Peter Brabeck-Letmathe, the outgoing chairman of Nestlé’s intention is for Nestlé to develop food scientifically – synthetic food which will be better than “natural food”. He rejects the notion that food grown in the ground is best for us. He says

Nature is not good to human beings. Nature would kill human beings. The reason why homo sapiens have become what we are is because we learned to overcome nature.

What do you think when you read this?

Is “Nature not good to human beings”? Does Nature seek to “kill human beings”?

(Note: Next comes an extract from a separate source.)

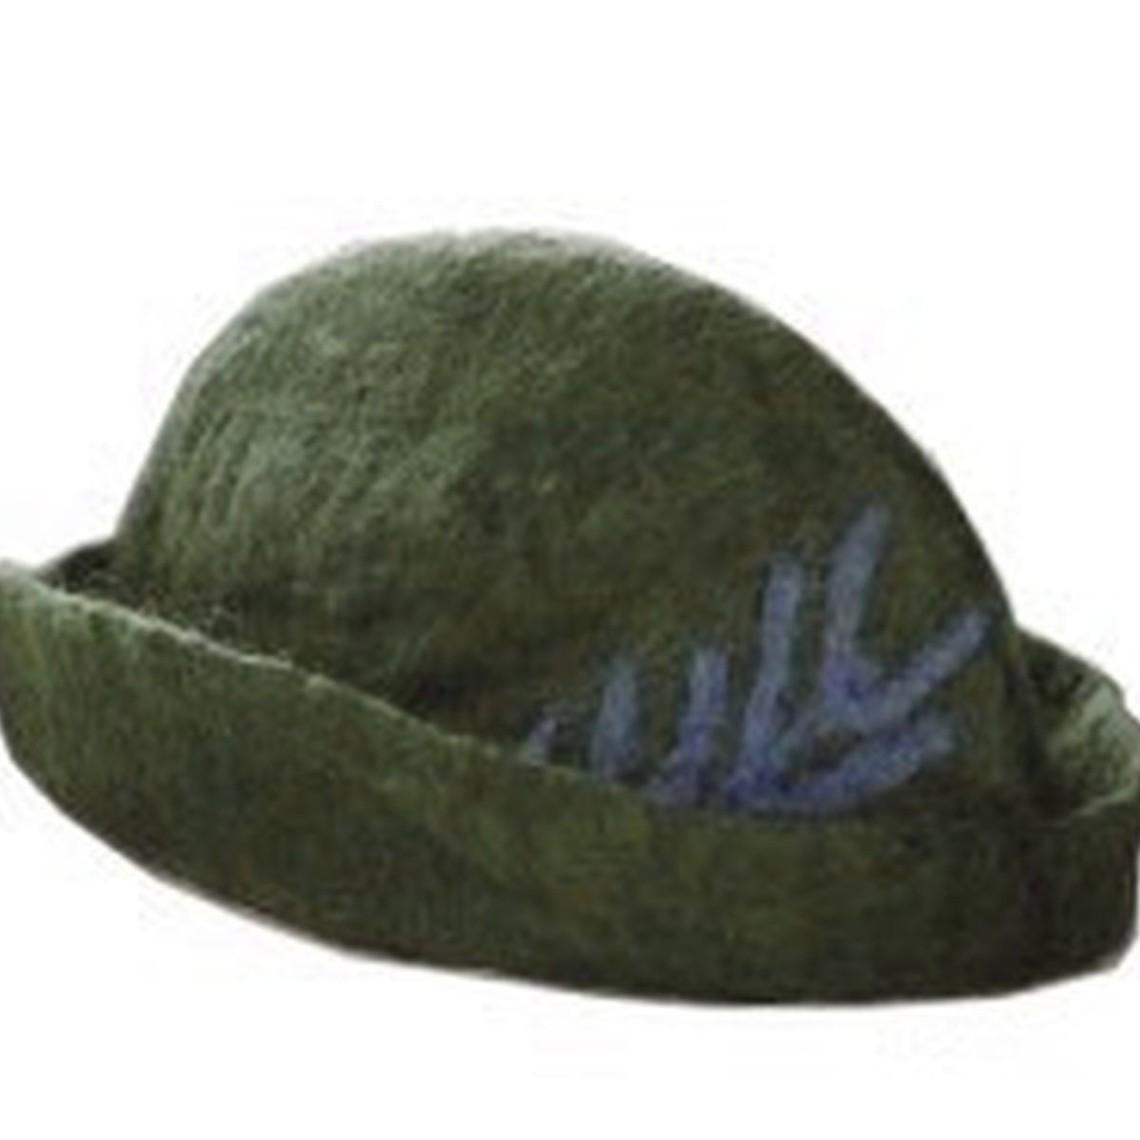 Leonardo Carbone Sombrero con pluma, verde

I was pretty astonished at this claim because I think human beings are part of Nature, not something outside of “it”. If we want to learn what’s good for us my own feeling is that we should look to the rest of Nature. As Idriss Aberkane says of “biomimicry”, Nature is a library, a source of knowledge, not a source of repository of fuel to burn.

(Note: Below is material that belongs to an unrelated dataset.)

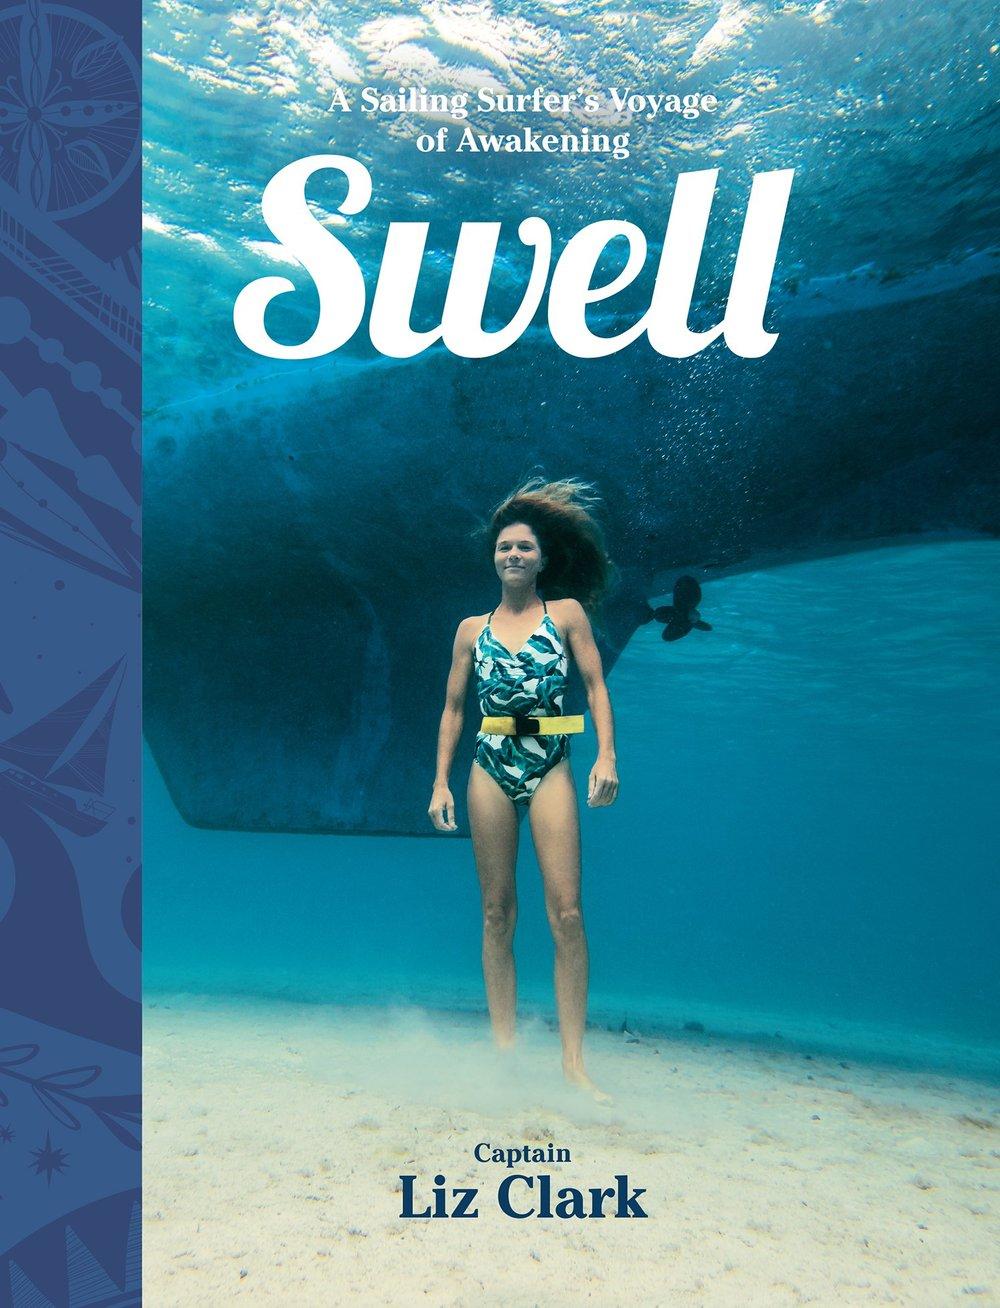 Swell, by Captain Liz Clark

So where does this idea that Nature is trying to kill us come from?

Well, as chance would have it I read an interview with the French philosopher, Michel Onfray, at the weekend, and he mentioned the definition of life given by Bichat, the physiologist

Life is the sum of the forces which resist death

That’s an interesting definition of life – life is resistance. Is death constantly attacking life? I think that’s a pretty miserable and negative understanding of life. But I think it might come from the notion of entropy. You know about entropy? Entropy is “the gradual decline into disorder”. The second law of thermodynamics states “entropy always increases over time”. You can probably see how this observation can lead you to think that we are only alive as long as we resist death, disorder, and decline. But is that enough to lead you to conclude that Nature is trying to kill us?

It seems to me that this entropic force in the universe is only one of the major forces at play. What Thomas Berry referred to as “wildness” is another way of thinking about this force. It’s the chaotic force. If this was all there was, or if this was the dominant force, what would the universe look like? Would there be stars? Would there be galaxies of stars moving together? Would stars have planets? Would there be any complex living organisms? How could there be? There is a second force. One Thomas Berry calls “discipline”. It’s the ordering principle, the structuring principle, which contains, limits and holds together. But what if that was the only force in the universe? What would the universe look like then? Would it be any more than a dense ball of energy? Would it be expanding? Would it show diversity? Or would whatever existed by “more of the same”?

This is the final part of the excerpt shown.